Наш двор (сборник) - Бобылёва Дарья
Престарелая Дора Михайловна Вейс увидела в зеркале своего покойного мужа, но ни на секунду не поверила, что он, весь изломанный и перекрученный — настоящий. Жена слесаря из ЖЭКа, которого накануне в психушку увезли, тоже увидела что-то такое, от чего всю оставшуюся ночь просидела на кухне при свете и допила мужнину чекушку. А восьмиклассница Саша, которая сама себя называла Алекс и ни в какую брусвяную луну тоже, разумеется, не поверила, увидела в зеркале американского певца Курта Кобейна, который недавно застрелился у себя в Штатах. Певец шлепал губами и манил ее к себе.

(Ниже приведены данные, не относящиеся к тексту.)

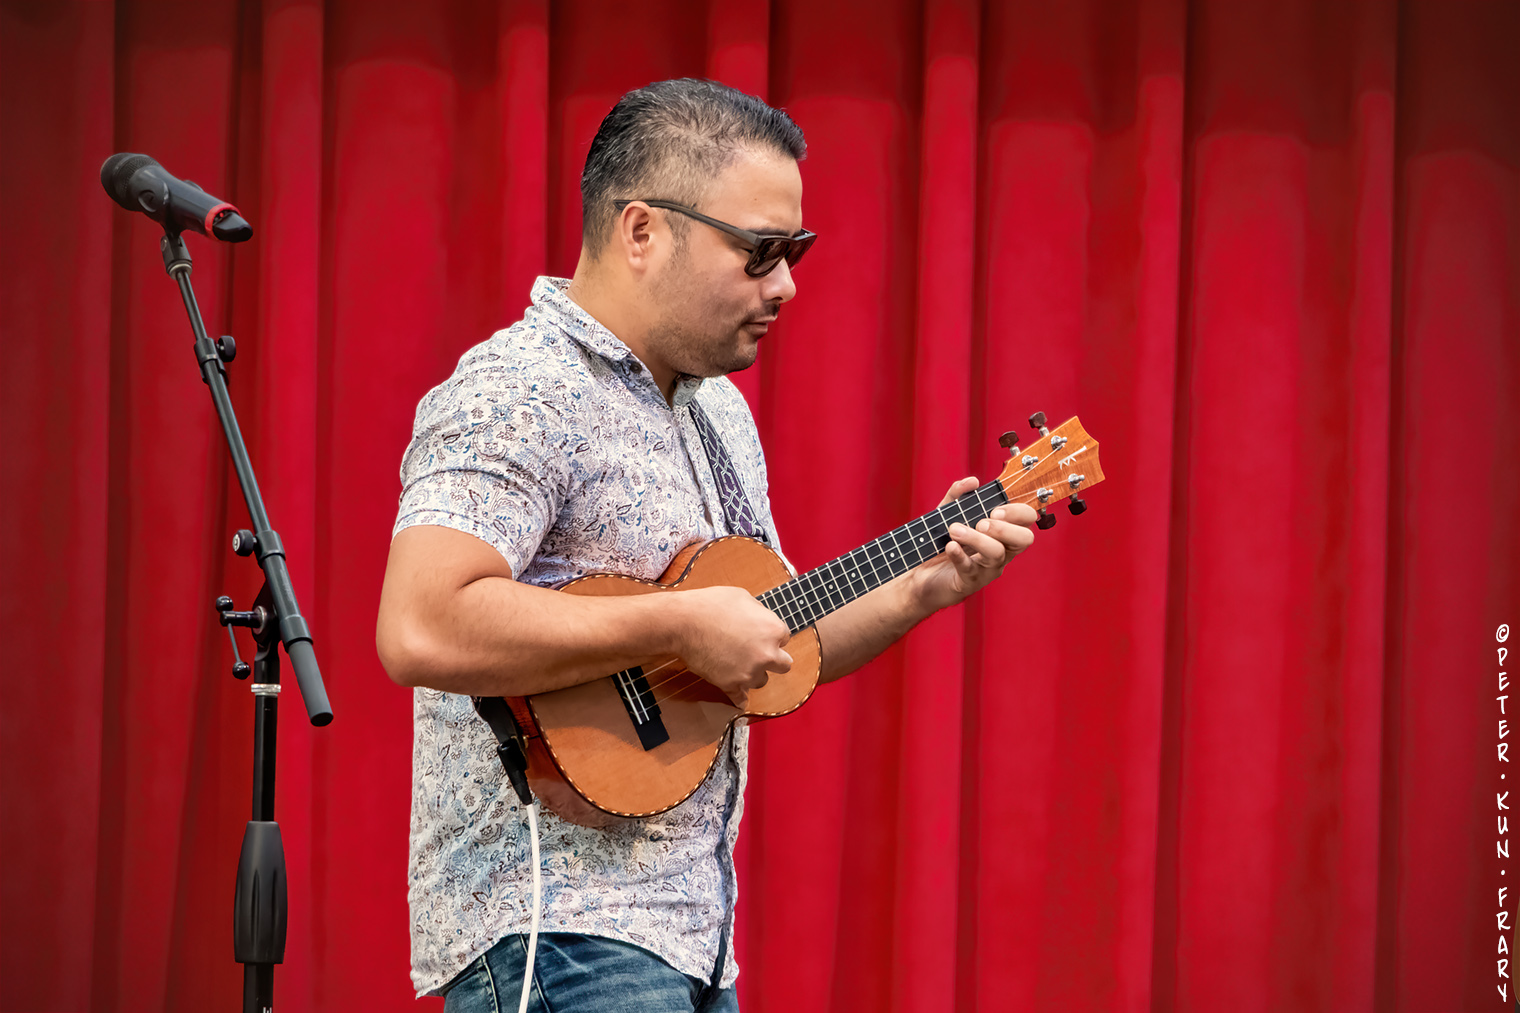 'Ukulele | The 'ukulele, played by Kalei Gamiao, is a plucked string chordophone closely related to the guitar and Portuguese braguinha | Peter Kun Frary
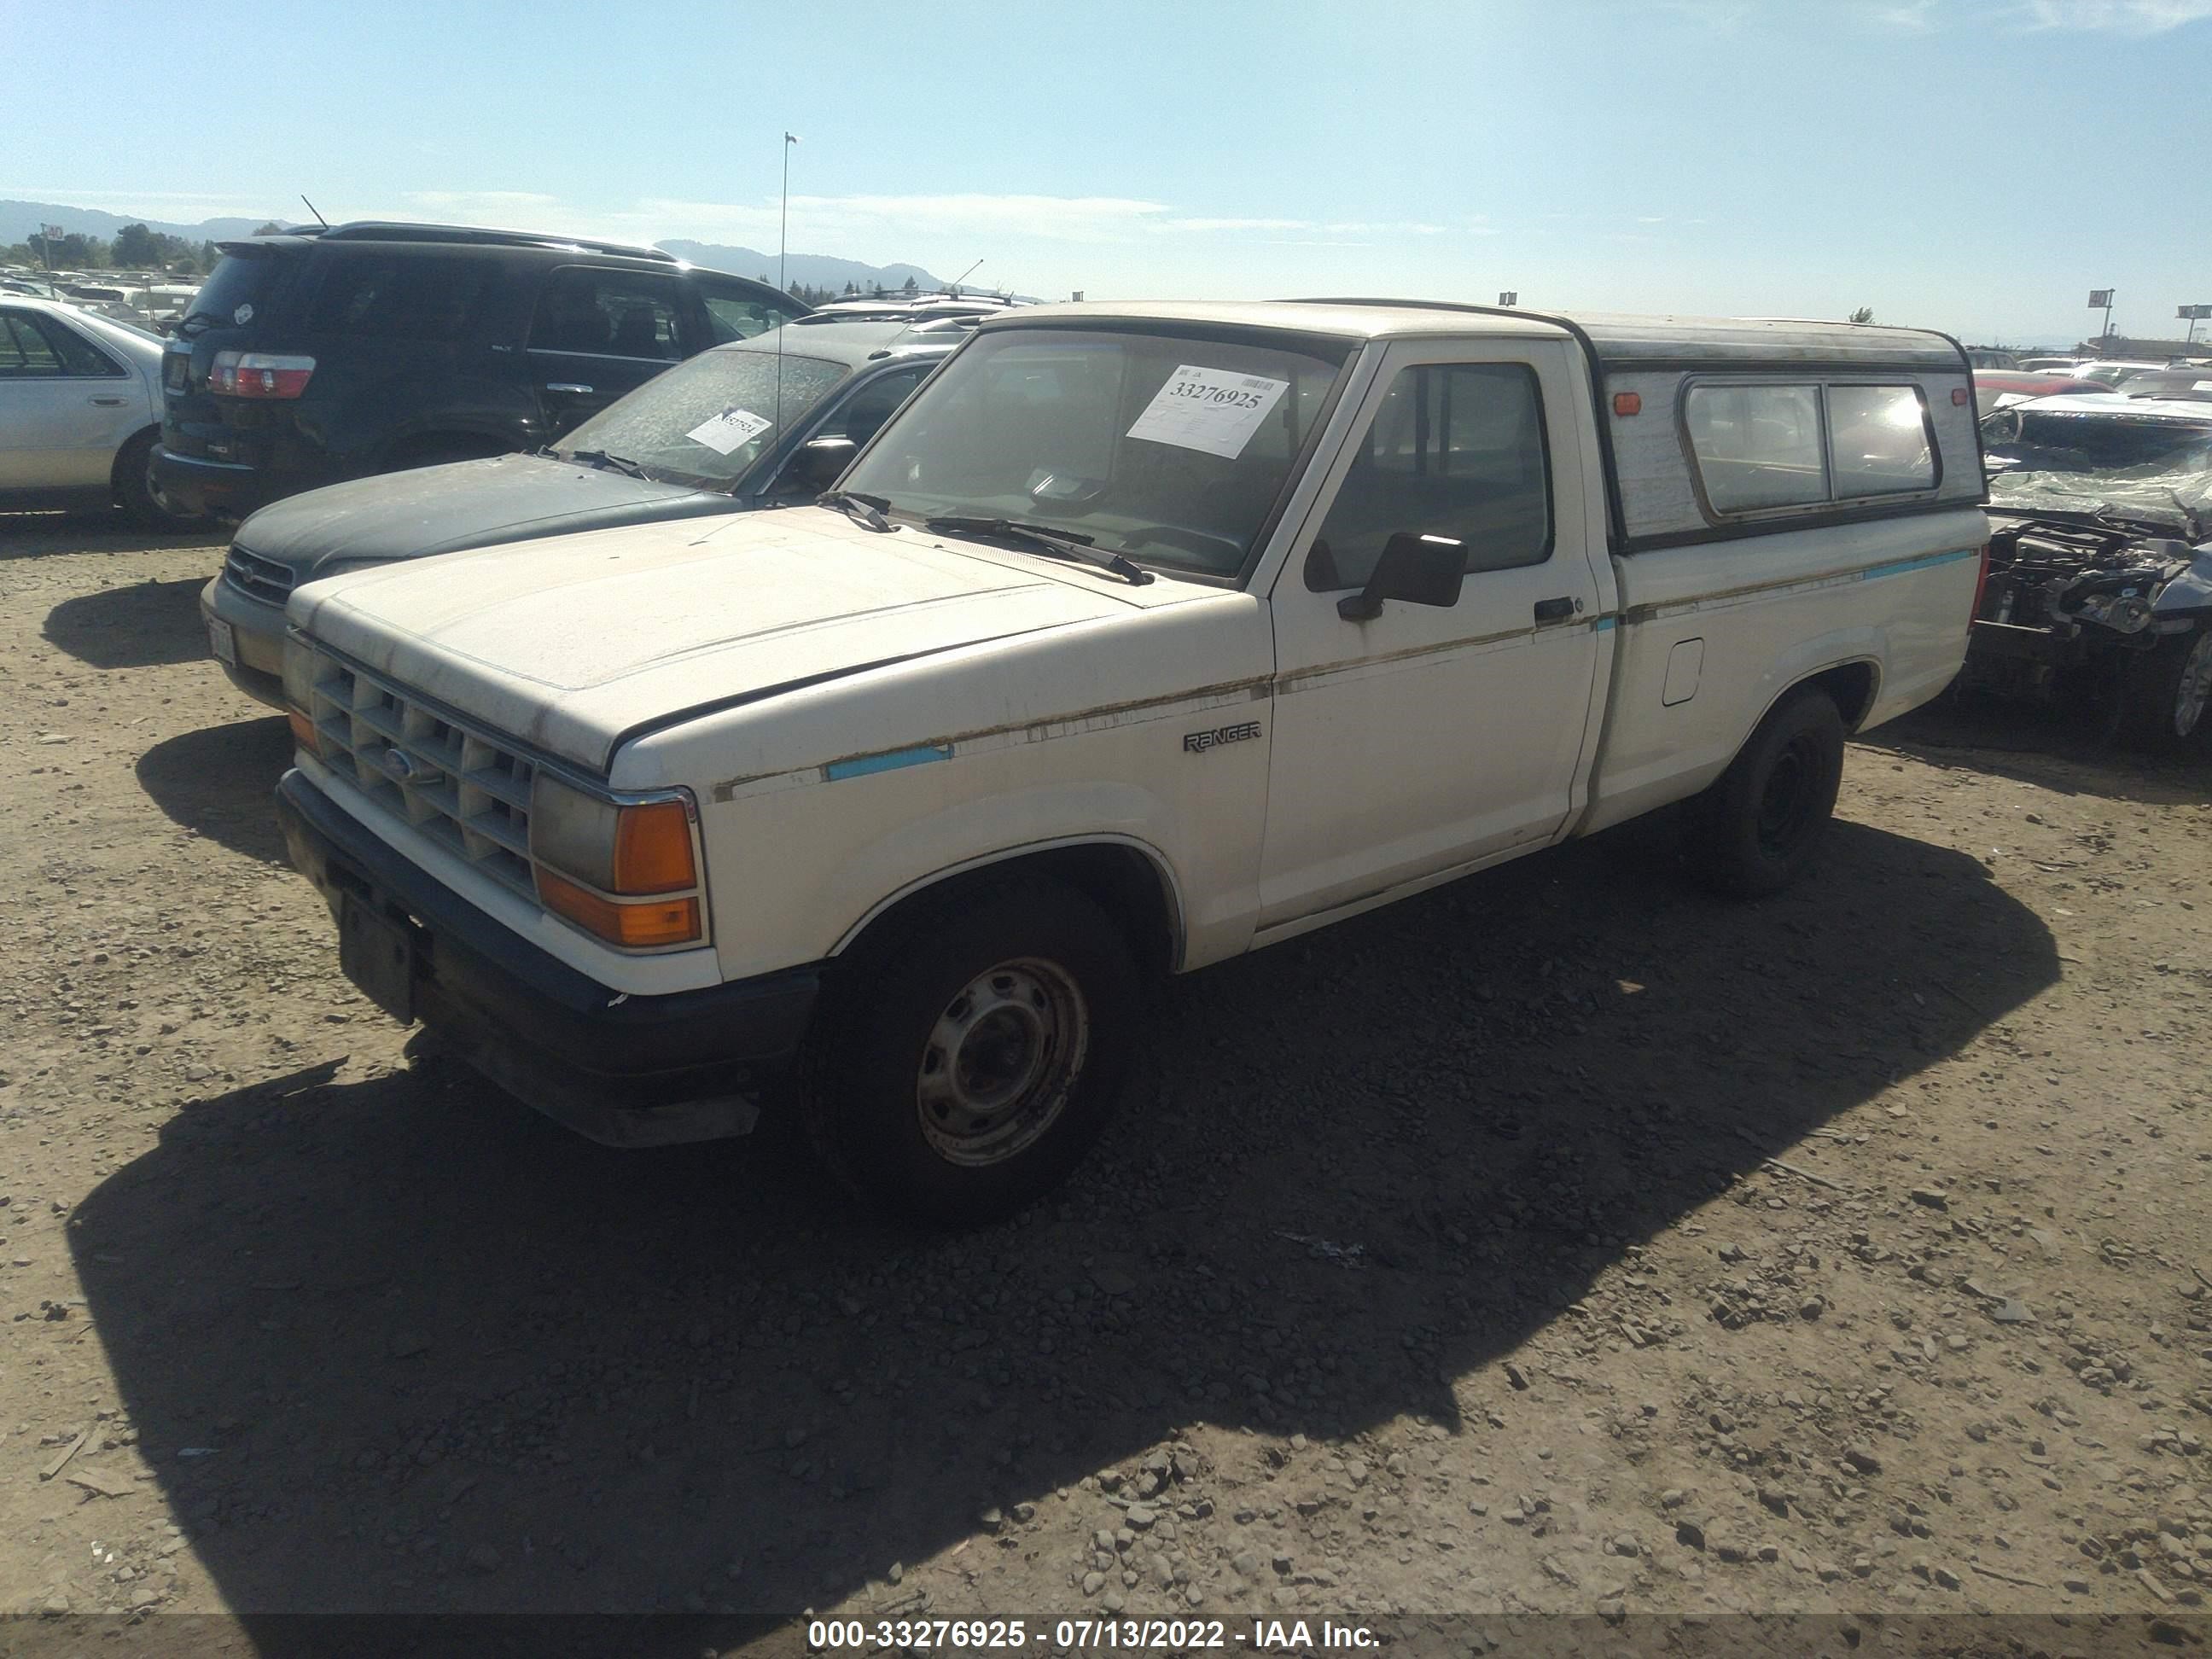 1990 FORD RANGER VIN: 1FTCR10A3LUC29156

И всякий раз повторялось одно и то же: стоило увидевшему — кроме Доры Михайловны, конечно, которая только плюнула и перекрестилась, — так вот, стоило увидевшему в отражении дорогого покойника потянуться к нему, как тот пропадал, зеркало темнело и мутнело, и все в нем как будто ходило ходуном. Иногда вдобавок в отражении возникала девица с двумя косами и принималась беззвучно стучать по стеклу и разевать рот. Дора Михайловна, тоже ее увидевшая, удивилась, до чего девица похожа на одну из младших гадалок, которую она частенько видела во дворе гуляющей с коляской.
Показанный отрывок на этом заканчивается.